Since 2019, over 80 Chinese companies have delisted from the New York Stock Exchange (NYSE) and NASDAQ, leading to a situation where Chinese stocks now represent less than 2% of the total market capitalization on these platforms. This decline seems to align with the Trump administration’s broader efforts to take a firmer stance against China and address its economic practices.
Interestingly, while the number of initial public offerings from Chinese firms in the U.S. has risen in 2024, most of these offerings averaged below $7 million. Notably, the NYSE hasn’t welcomed a new Chinese listing since May 2024, when Zeekr, an electric vehicle manufacturer, made its debut.
In the past, particularly during the 1990s and 2000s, various state-owned enterprises like China Mobile and China Eastern Airlines were able to go public in the U.S. However, nowadays, many of these firms have moved operations away from American exchanges, primarily to sidestep the rigorous scrutiny of their accounting and business practices.
This trend doesn’t seem poised to change, especially with a Republican-controlled Congress pressing for tougher measures against China. The Trump administration has laid out its approach as part of its strategy to combat what it deems economic warfare from Beijing.
In a recent framework, President Trump stated that China might exploit U.S. investments to boost its military capabilities. Furthermore, in May, lawmakers expressed concerns over companies like Alibaba and Hesi, urging the Securities and Exchange Commission to focus on firms tied to the CCP for registration compliance.

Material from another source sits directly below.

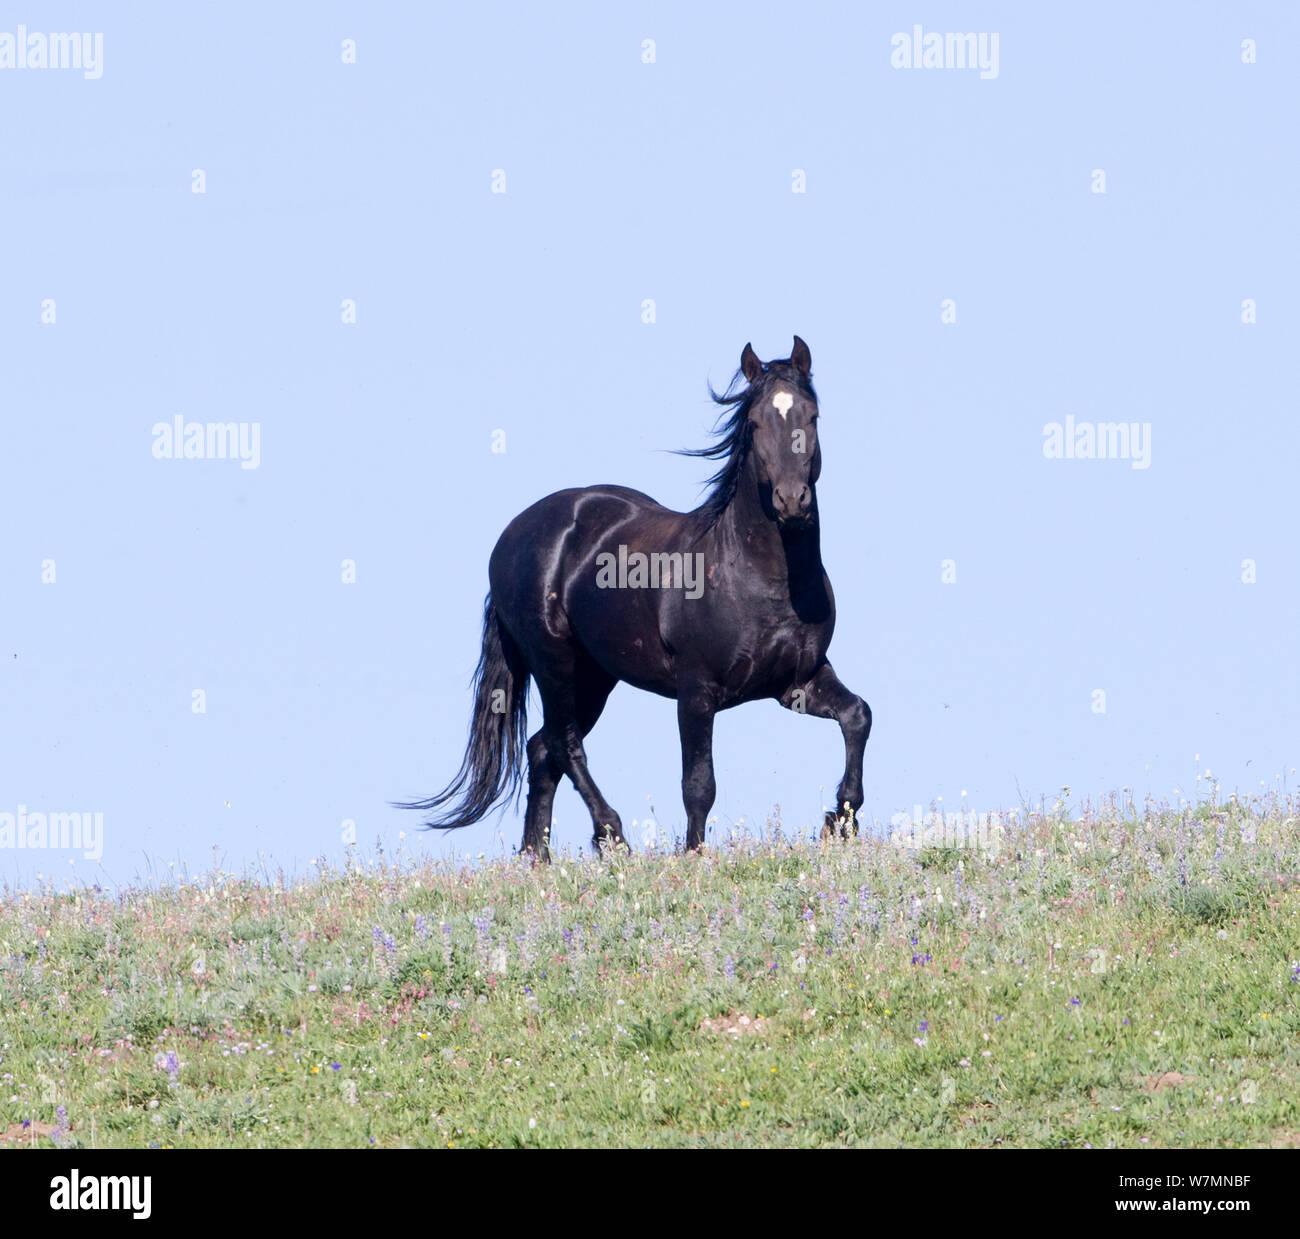 Wild Horse Mustang Equus Caballus Black Stallion On Horizon Pryor Mountains Montana Usa Stock Photo Alamy

There’s a sentiment that in China, companies can’t be genuinely private since the CCP reserves the right to control them through various legal and political measures. This raises issues for American investors, as these companies could potentially support activities that conflict with U.S. interests.
On the trade front, the Trump administration has implemented tariffs to counter what it views as unfair practices by the CCP, contributing to a notable trade imbalance. Recently, in London, U.S. representatives maintained a 55% tariff on imports from China, while the latter agreed to a 10% tariff on U.S. goods and suggested easing export restrictions on certain rare earth elements.